At four is Robert Zemeckis’ fun comedy-drama Forrest Gump which was adapted from Winston Groom’s novel of the same name. This tale of a mild-mannered simpleton from a small town in Alabama whose lifelong adventures put him in the middle of some of 20th century America’s key historical events was an instant crowd-pleaser on its release. Director Zemeckis rightly streamlines Forrest’s adventures as he transfers them from page to screen and with Tom Hanks in the starring role they create a more sympathetic character whose courageous journey, along with life’s ups and downs, is one we really warm to.

3. Planet of the Apes (Shaffner, 1968)

To say our third placed novel inspired an original franchise featuring five movies, two 1970s television series, a 2001 remake and 2011 reboot with sequel of its own, French author Pierre Boulle’s La Planète des Singes, better known as Planet of the Apes, had to be on this list somewhere. The original 1968 film starring Charlton Heston remains a classic of science-fiction as a bunch of astronauts end up stranded on a planet where apes are the dominant species and humans are reduced to animal-like status. The film takes liberties with the source text, not least in its famous ending that features one of the great twists in modern cinema, but this is otherwise a faithful and terrifically made film adaptation.

2. The Shining (Kubrick, 1980)

At number two we have Stanley Kubrick’s icy adaptation of Stephen King’s ghost story The Shining. Jack Nicholson is brilliant as the winter caretaker of the grand but imposing Overlook Hotel.
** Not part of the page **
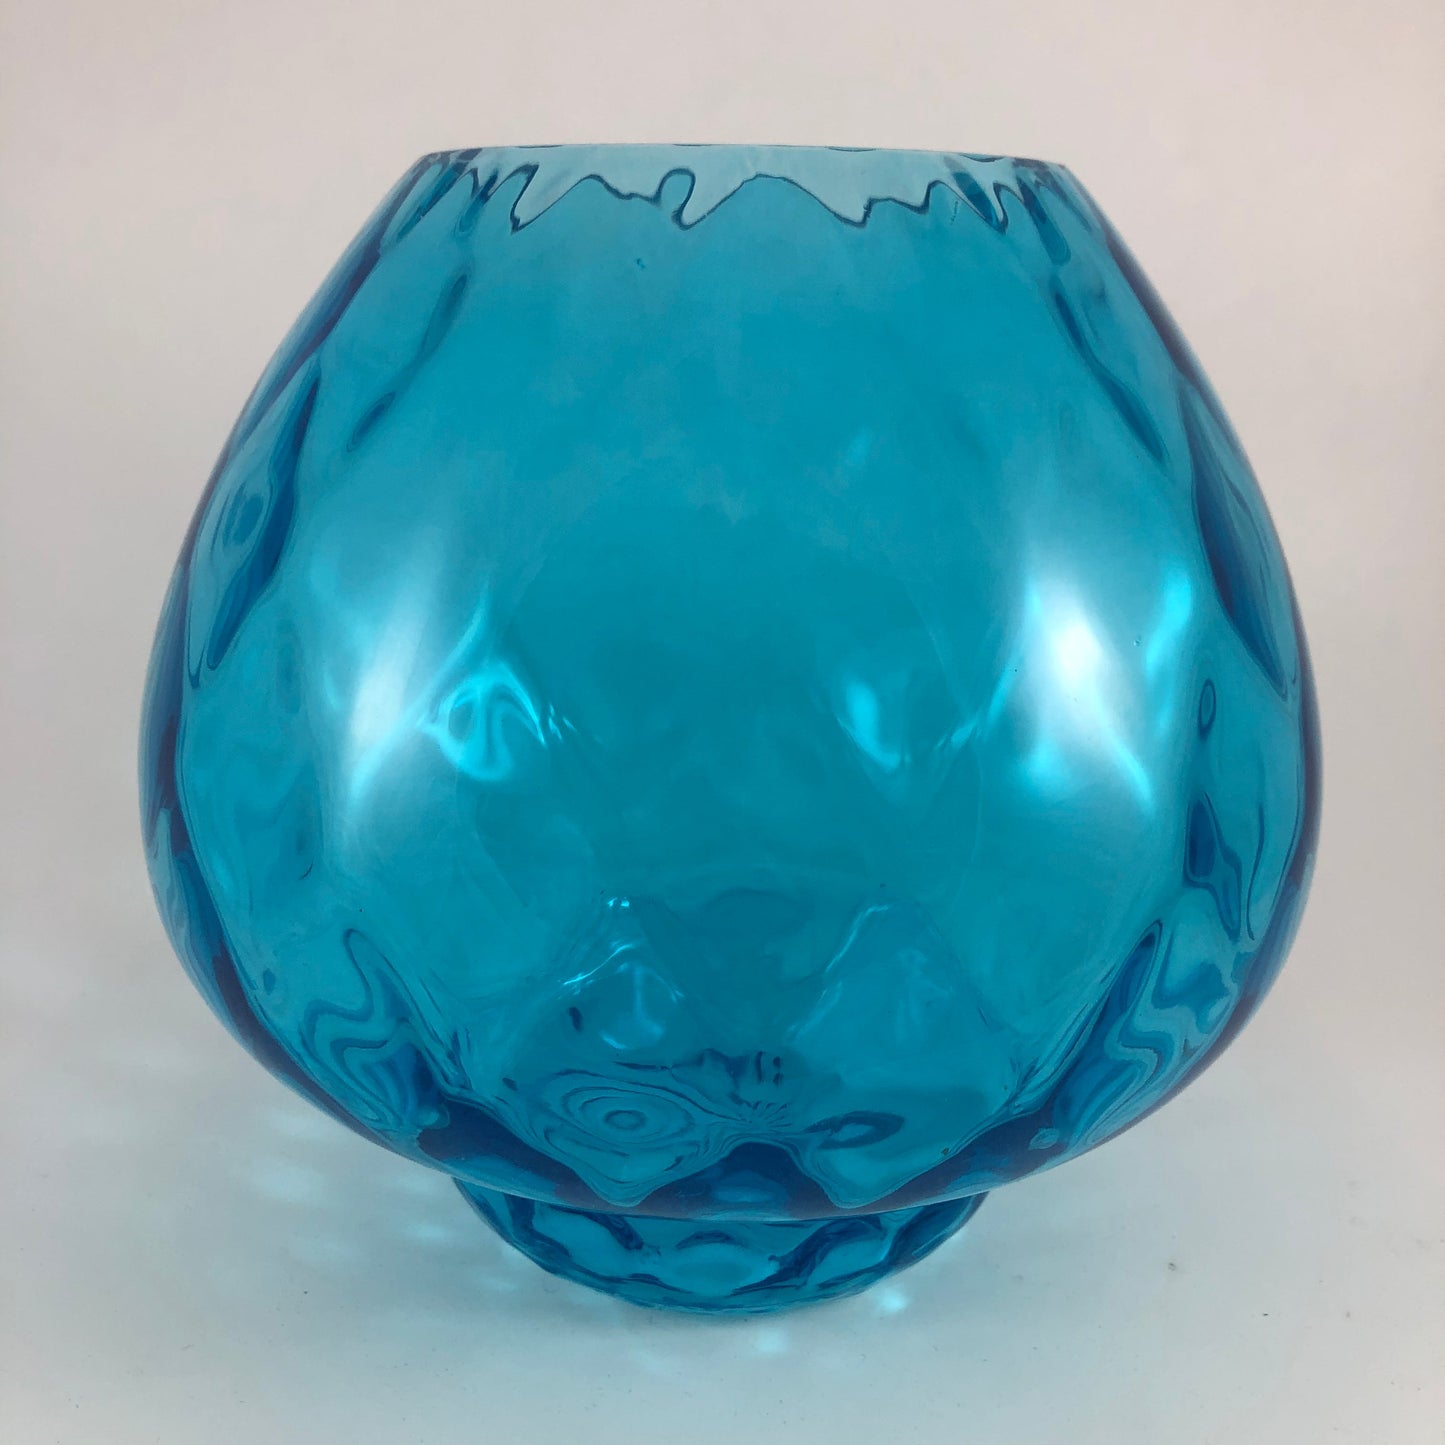 P9916 - Blue Lagoon candle holder

After inviting his wife and young son Danny to stay with him, the isolated family begin to experience just why the haunted retreat has such a blood-soaked past. Nicholson’s downward spiral of self-destruction is just one part of the film’s legacy as Danny’s ability to see beyond our world maybe the only way this family is going to survive the winter. Kubrick rightly stripped the book’s version of events of much of its baggage to give us not only one of the best novel-to-screen adaptations but one of cinema’s most frightening ghost stories.
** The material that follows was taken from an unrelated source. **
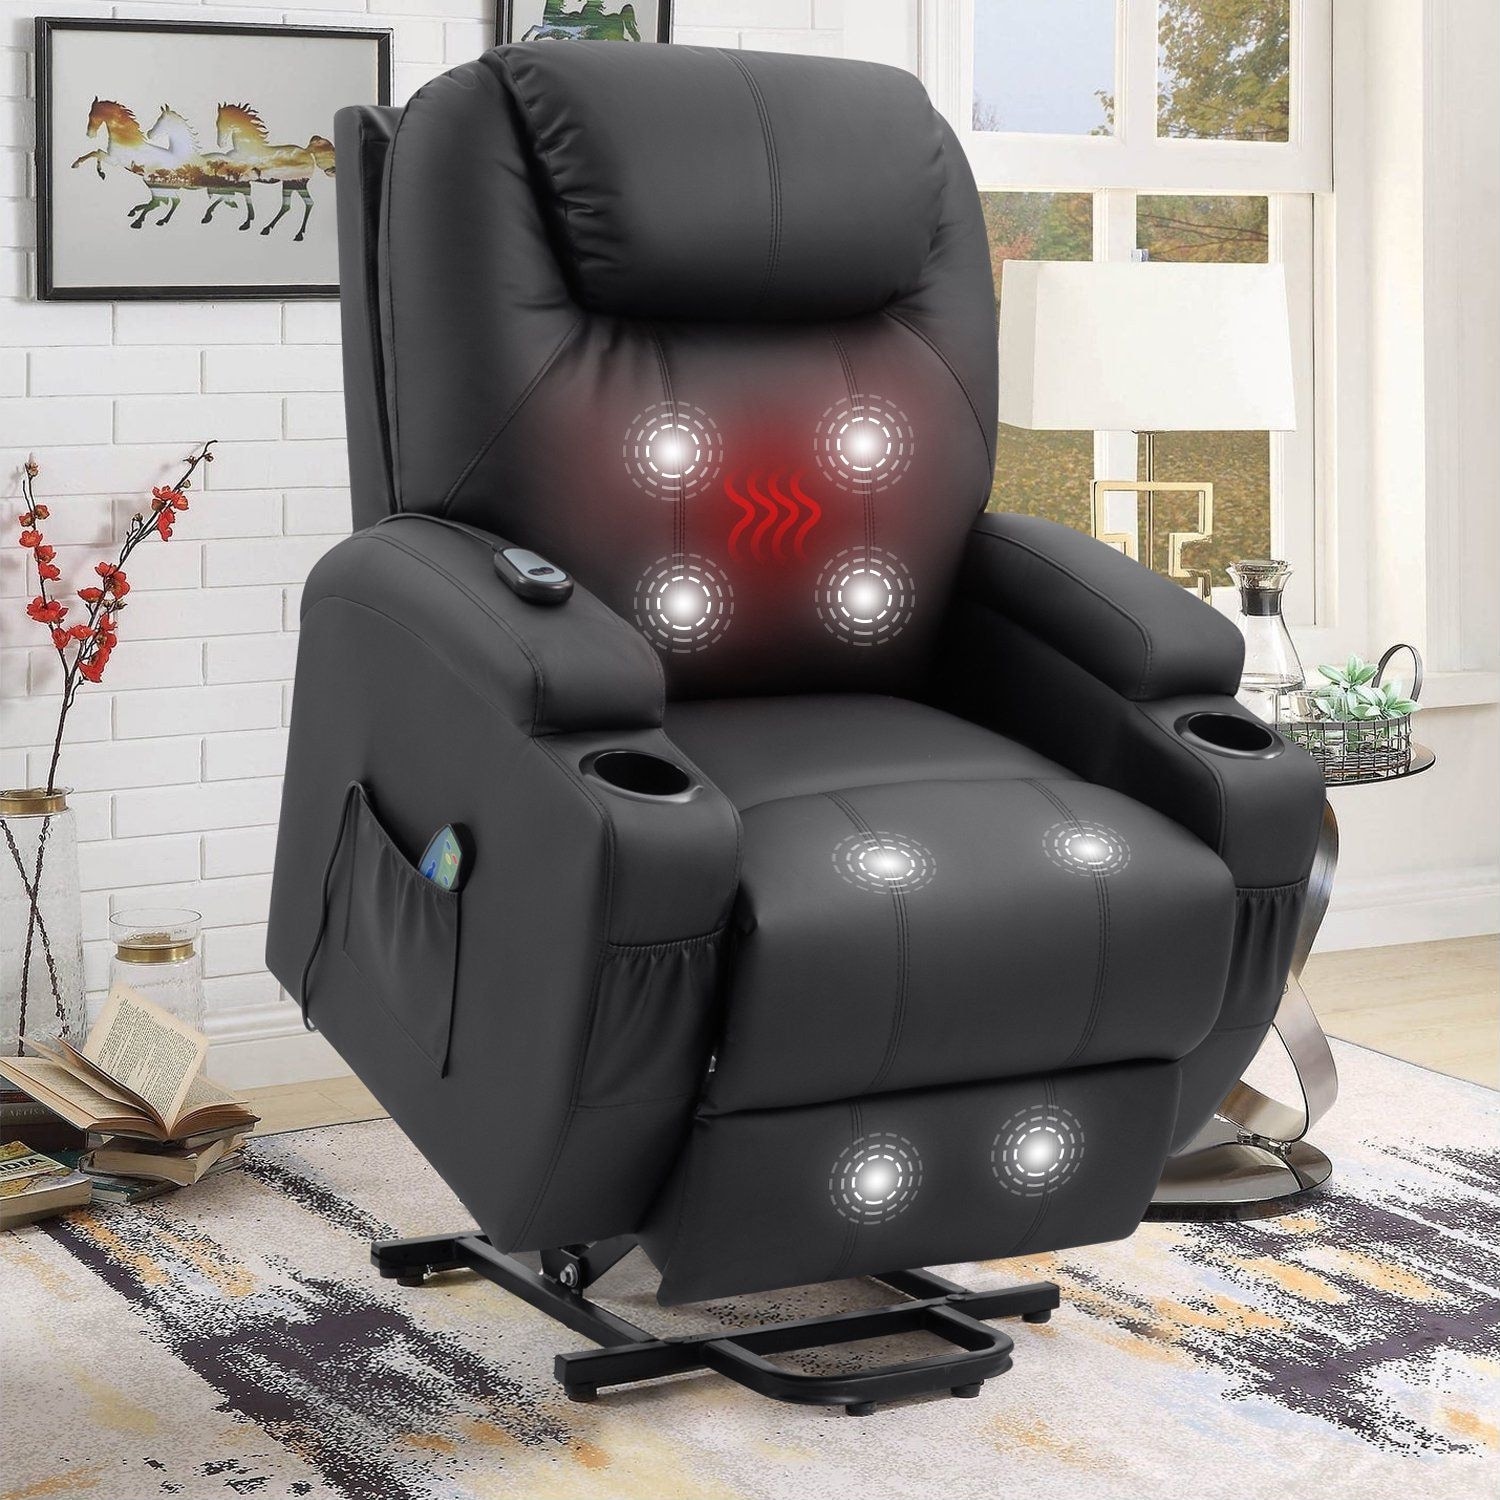 Homall Fabric Recliner Chair Ergonomic Adjustable Home Theater

1. One Flew Over The Cuckoo’s Nest (Forman, 1975)

At number one, Nicholson is back again in the starring role, this time in One Flew Over The Cuckoo’s Nest. To capture novelist Ken Kesey’s study of life inside a 1960s psychiatric hospital, film director Milos Forman wisely chose the Hollywood livewire to portray rebellious innate R.P. McMurphy. A loving indication of the human condition as much a stark reminder of the catastrophic consequences of our actions, the film both delights in warming our hearts and crushingly devours by breaking them. But it is without surprise this classic endures the test of time, and despite an underlying sadness, its celebration of the human spirit is something that should be returned to time and time again.